**TRY IT**
Transcribe the whole listing below without changing a word, but leave out every image.

**DATA SEGMENT**
━━━━━━━━━━━━━━━━━━━━━━━━━━━━━━
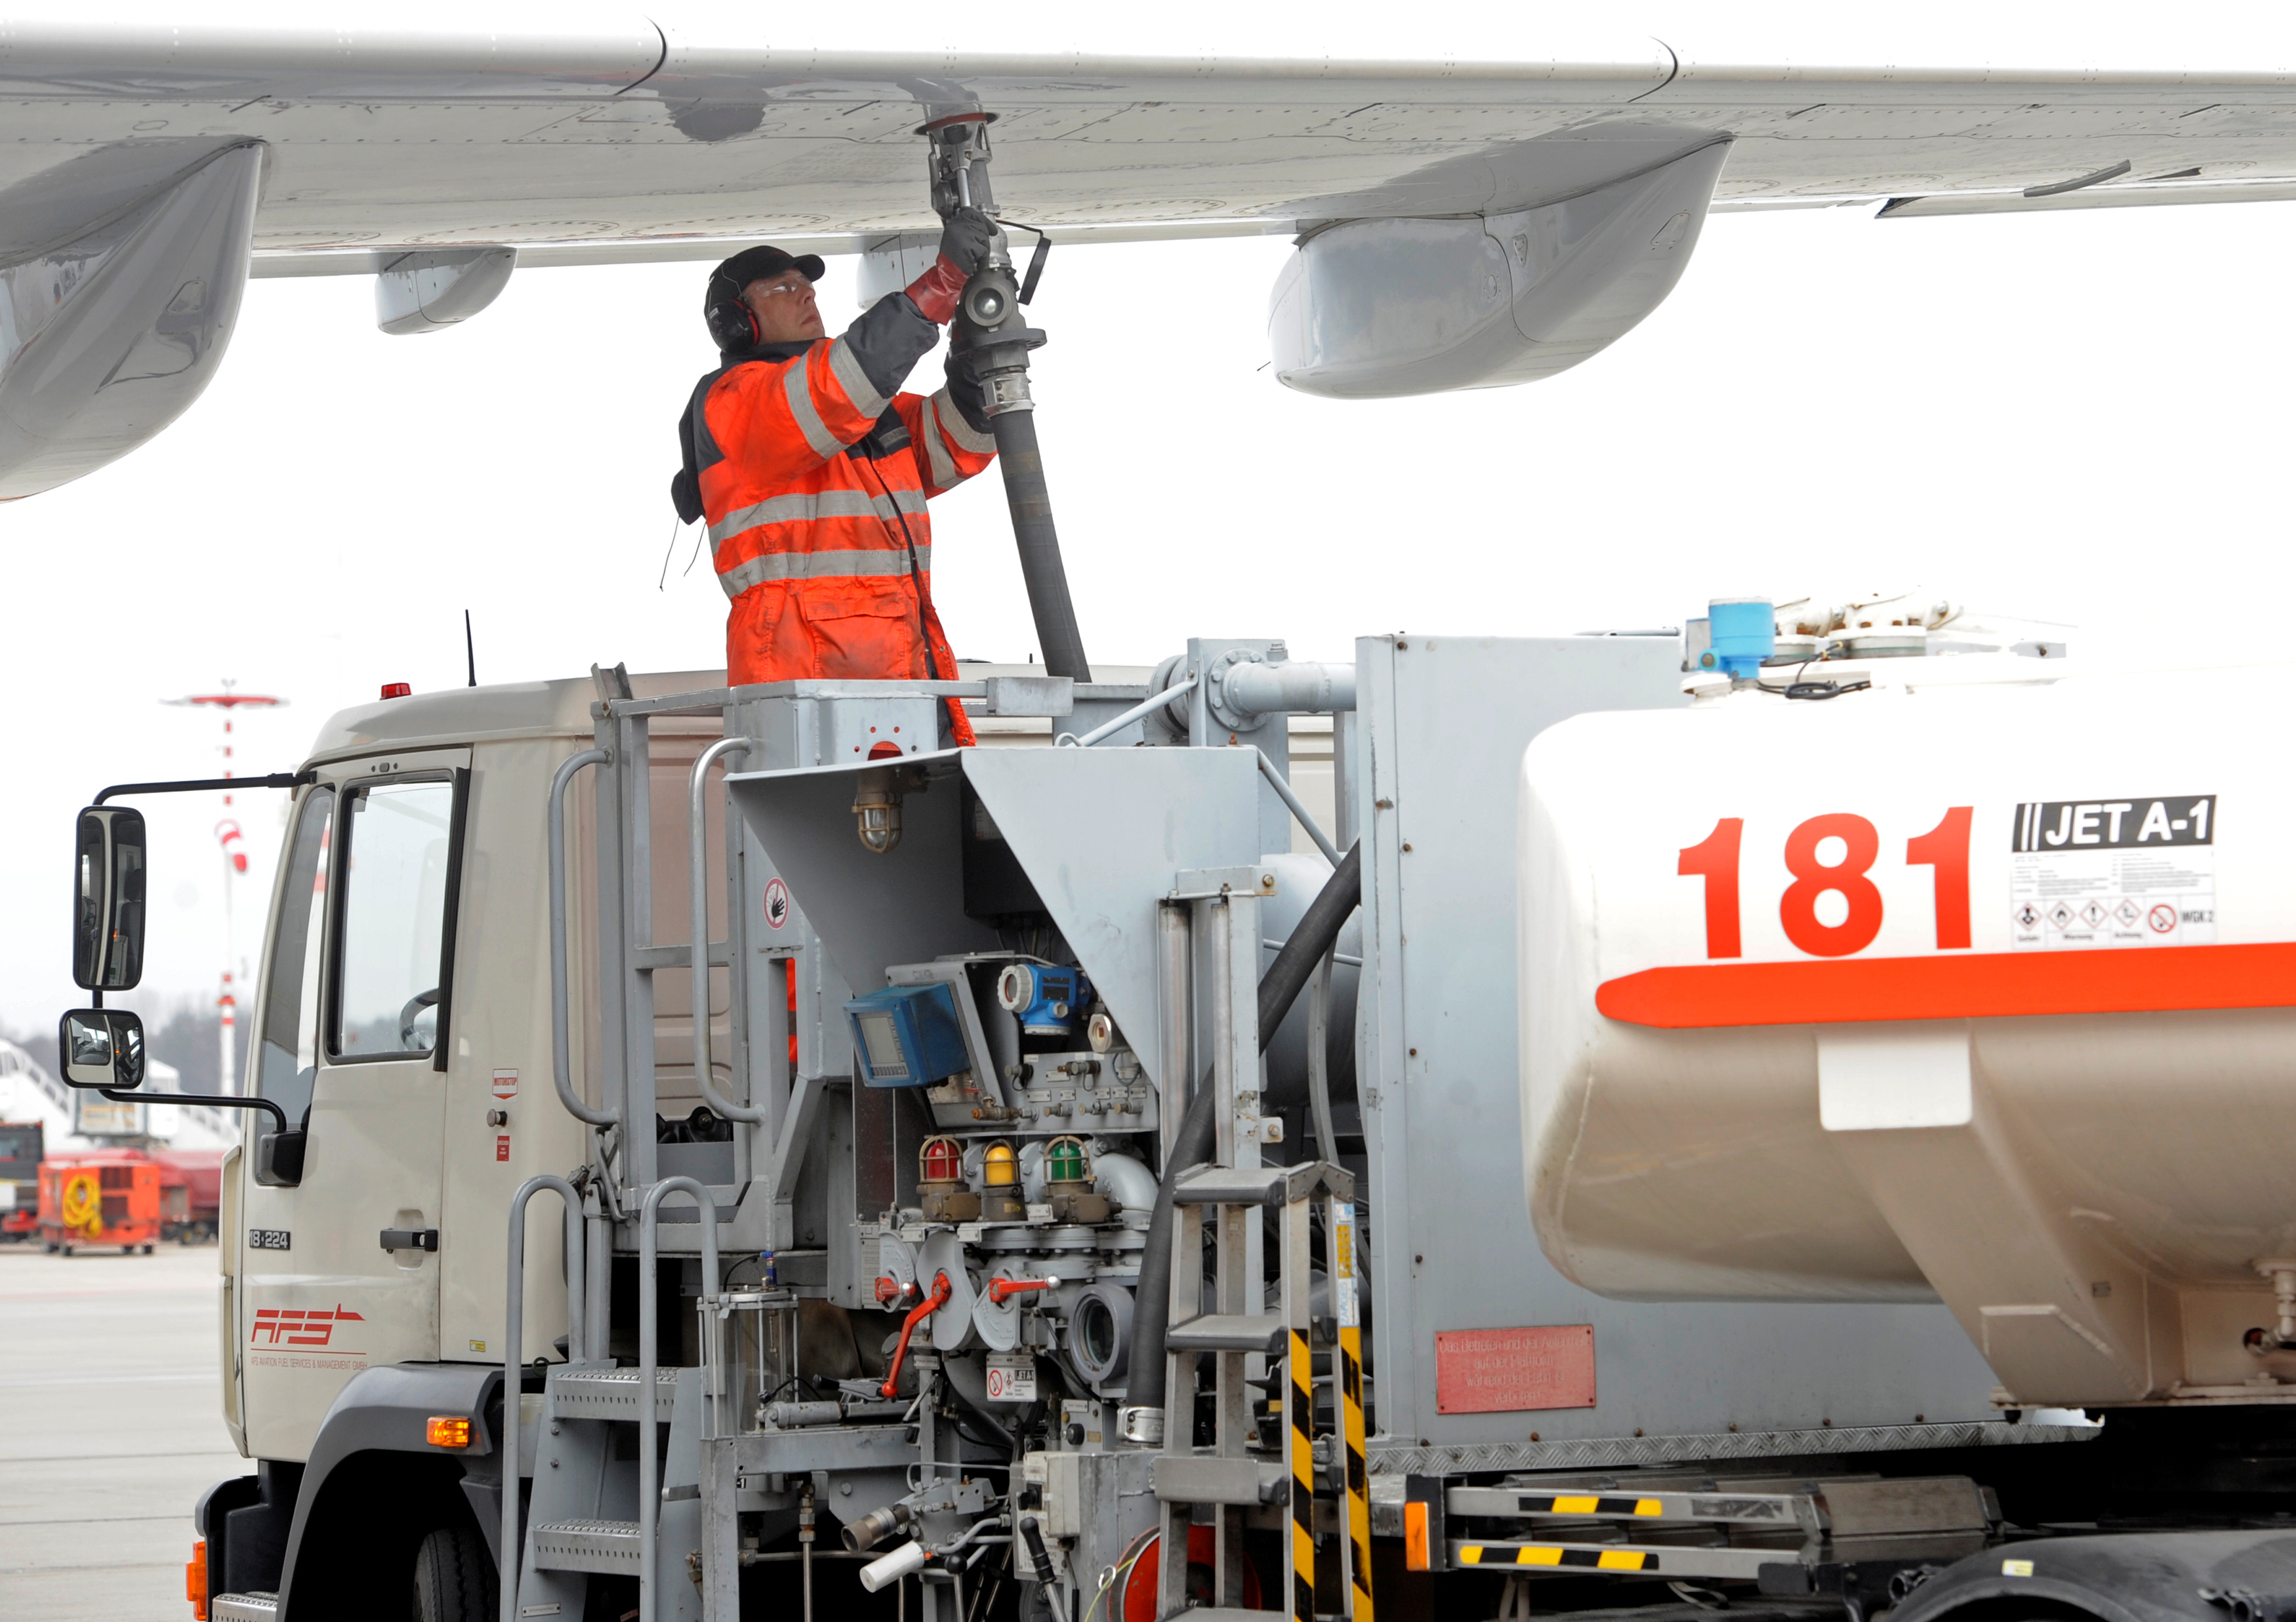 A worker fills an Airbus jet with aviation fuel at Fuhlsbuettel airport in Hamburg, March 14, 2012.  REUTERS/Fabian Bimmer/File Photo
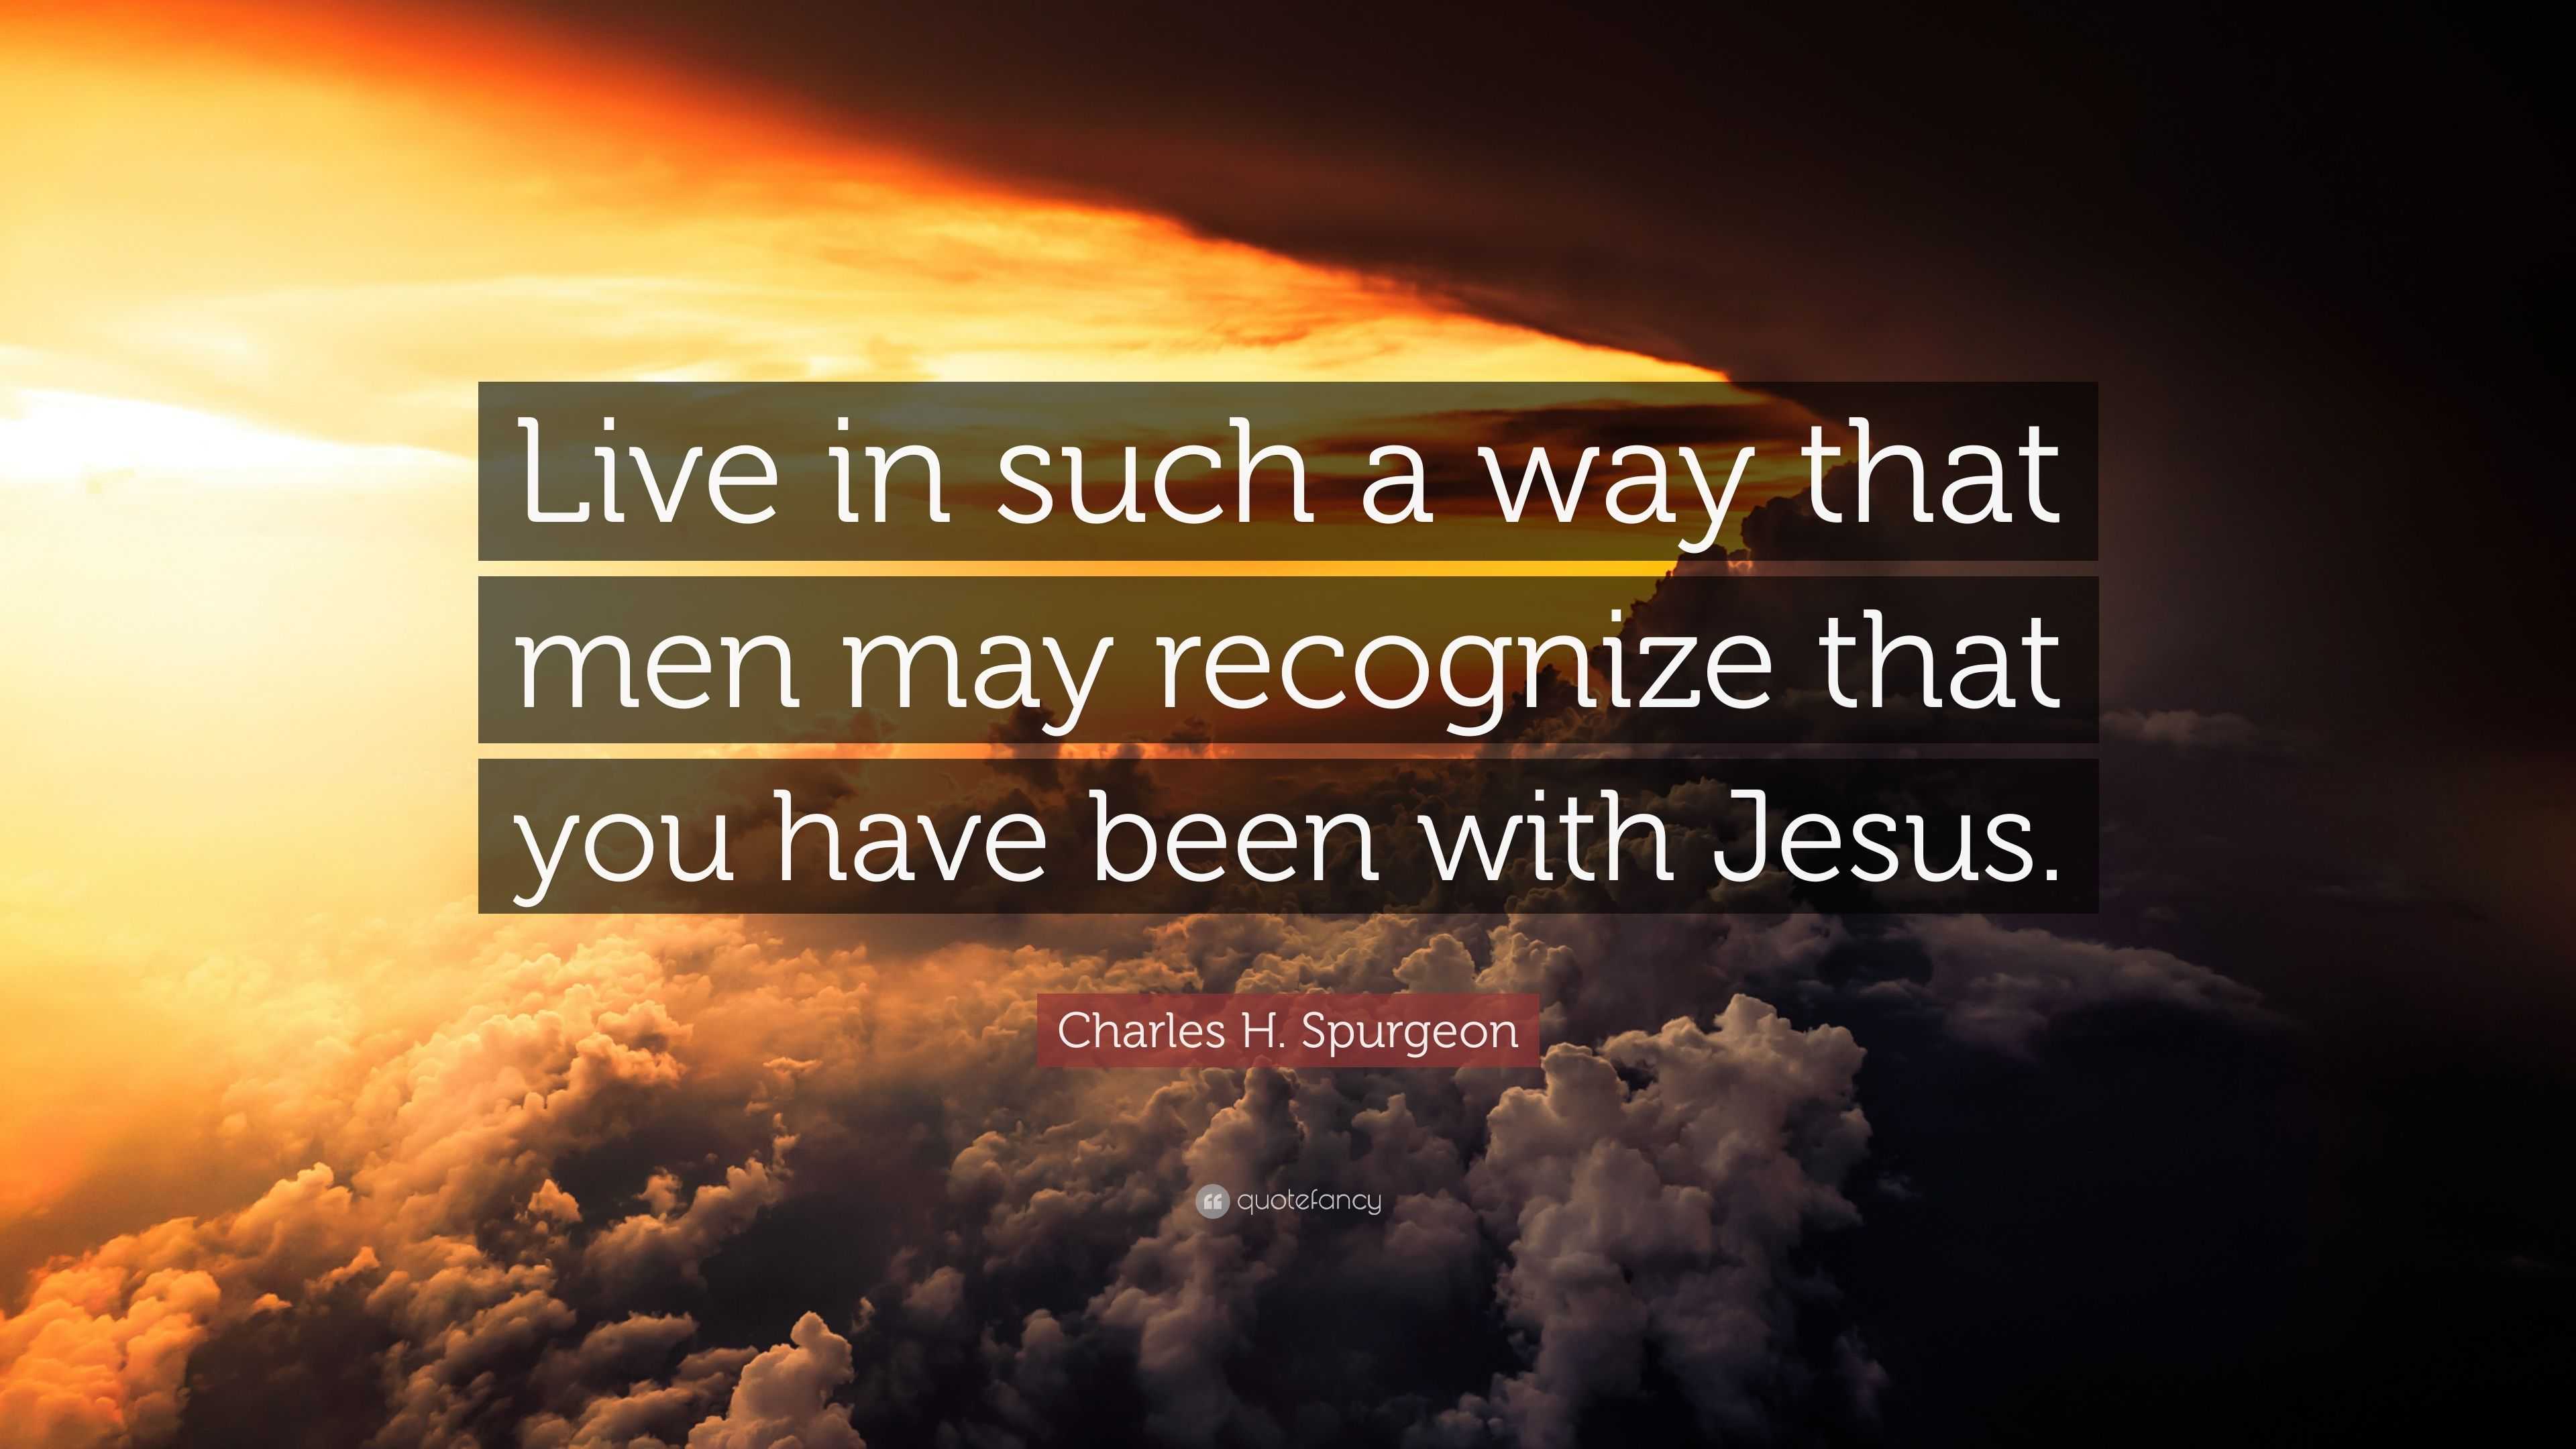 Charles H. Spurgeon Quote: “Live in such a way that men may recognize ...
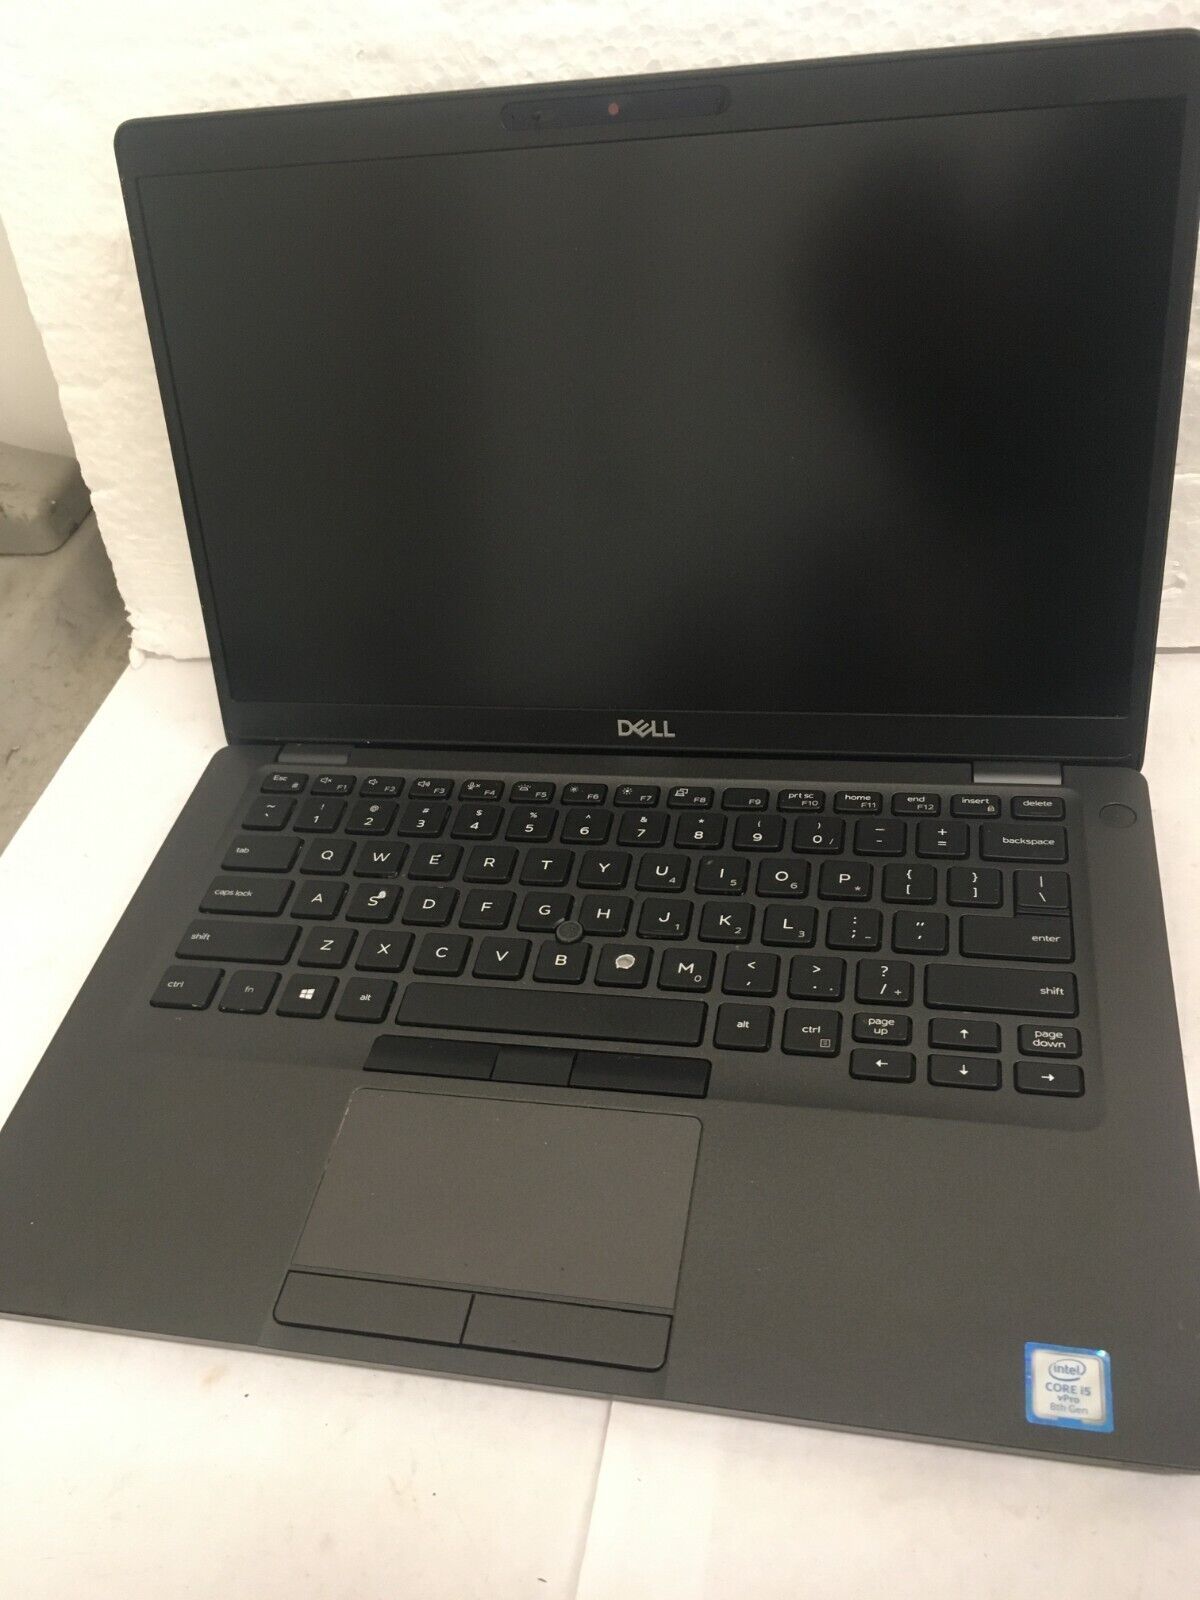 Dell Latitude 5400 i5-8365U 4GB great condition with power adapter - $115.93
━━━━━━━━━━━━━━━━━━━━━━━━━━━━━━
**TASK SOLUTION**
 A worker fills an Airbus jet with aviation fuel at Fuhlsbuettel airport in Hamburg, March 14, 2012.  REUTERS/Fabian Bimmer/File Photo
 Charles H. Spurgeon Quote: “Live in such a way that men may recognize ...
 Dell Latitude 5400 i5-8365U 4GB great condition with power adapter - $115.93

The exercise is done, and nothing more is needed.